2. Pemerintah tegaskan komitmen pemberantasan korupsi

Ilustrasi korupsi (IDN Times/Istimewa)

Djamari menegaskan proses hukum harus berjalan independen tanpa tekanan maupun intervensi dari pihak mana pun. Pemerintah menghormati mekanisme hukum dan meyakini aparat penegak hukum memiliki komitmen yang sama dalam menegakkan keadilan.

Menurut dia, banyaknya perkara dugaan korupsi yang diungkap tidak menunjukkan korupsi semakin meningkat. Hal itu mencerminkan semakin kuatnya komitmen negara dalam melakukan pembenahan, penindakan, dan pembersihan praktik korupsi.

Dia menegaskan pemerintah di bawah kepemimpinan Presiden Prabowo berkomitmen melakukan pembenahan secara menyeluruh. Setiap pihak yang terbukti melanggar hukum akan diproses dan ditindak sesuai ketentuan tanpa memandang asal institusi maupun kedudukannya.

"Tidak ada ruang bagi siapa pun yang terbukti melanggar hukum. Tanpa memandang asal institusi maupun kedudukannya, setiap pelanggaran akan diproses dan ditindak secara tegas sesuai dengan ketentuan hukum yang berlaku," kata dia.

3. Ajak masyarakat dukung penegakan hukum

Ilustrasi korupsi. (IDN Times/Sukma Shakti)

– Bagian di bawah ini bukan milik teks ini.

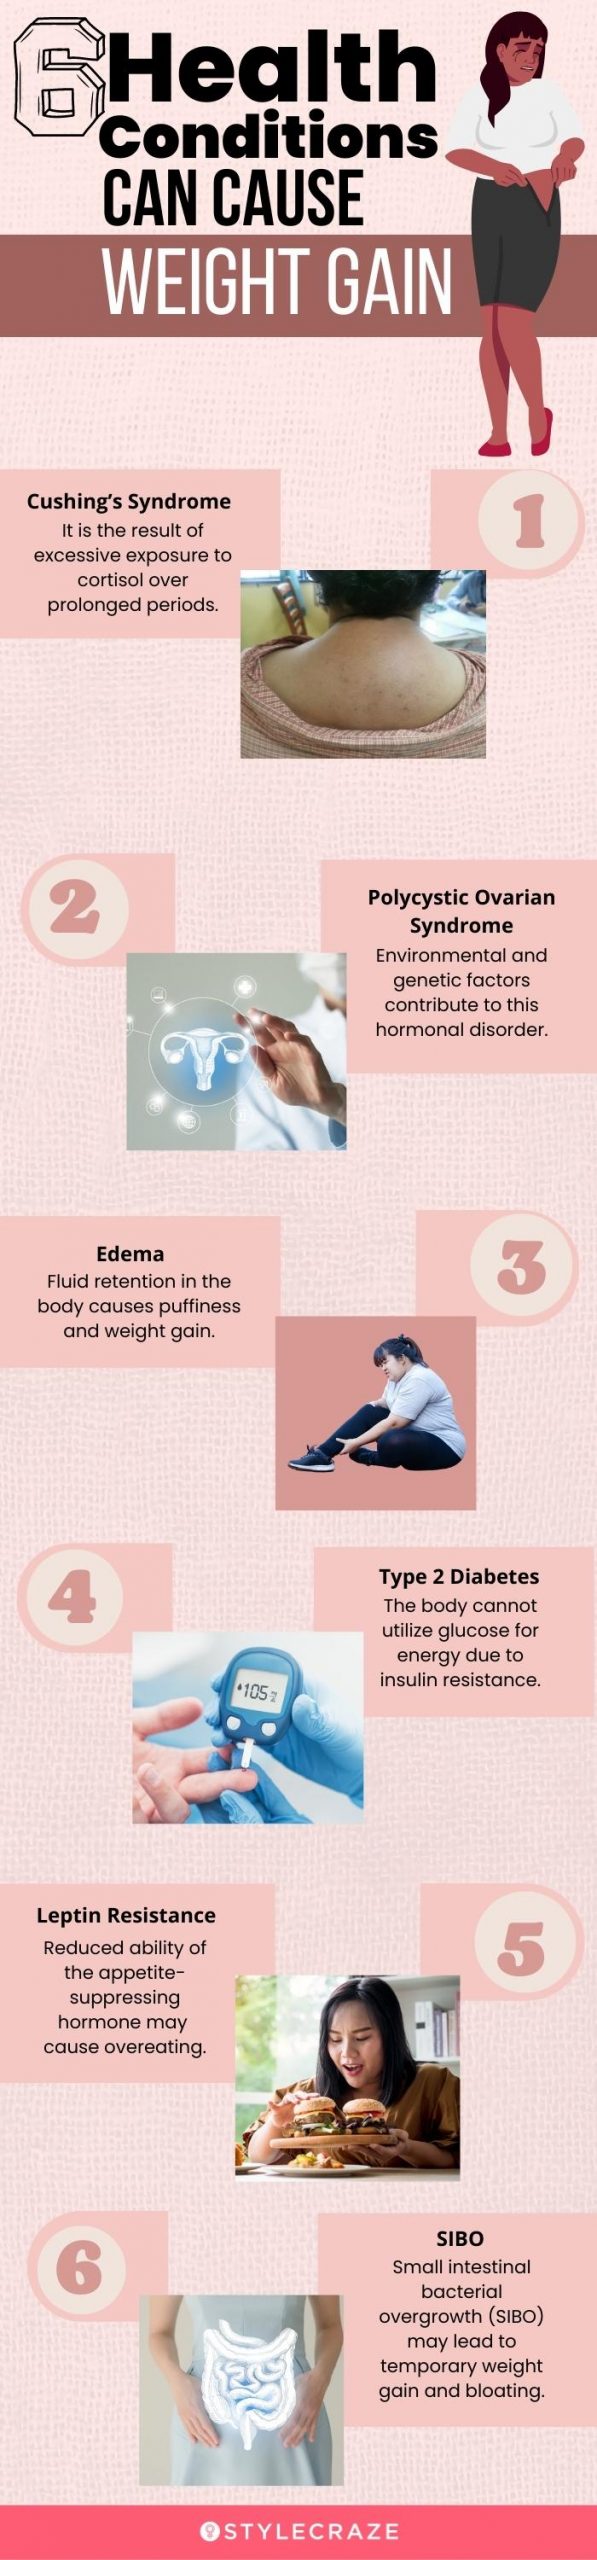 6 health conditions can cause weight gain [infographic]

Djamari mengajak seluruh elemen masyarakat mendukung agenda pemberantasan korupsi untuk memperkuat tata kelola pemerintahan yang bersih dan berintegritas.

Masyarakat juga diminta mengedepankan asas praduga tak bersalah, bersikap objektif dalam menyikapi perkembangan perkara, serta tidak menyebarkan informasi yang belum terverifikasi.

Kemenko Polkam memastikan kementerian dan lembaga di bawah koordinasinya terus memperkuat sinergi, koordinasi, dan kolaborasi untuk mendukung penegakan hukum yang profesional, menjaga stabilitas politik dan keamanan nasional, serta memberikan kepastian hukum dan rasa keadilan bagi masyarakat.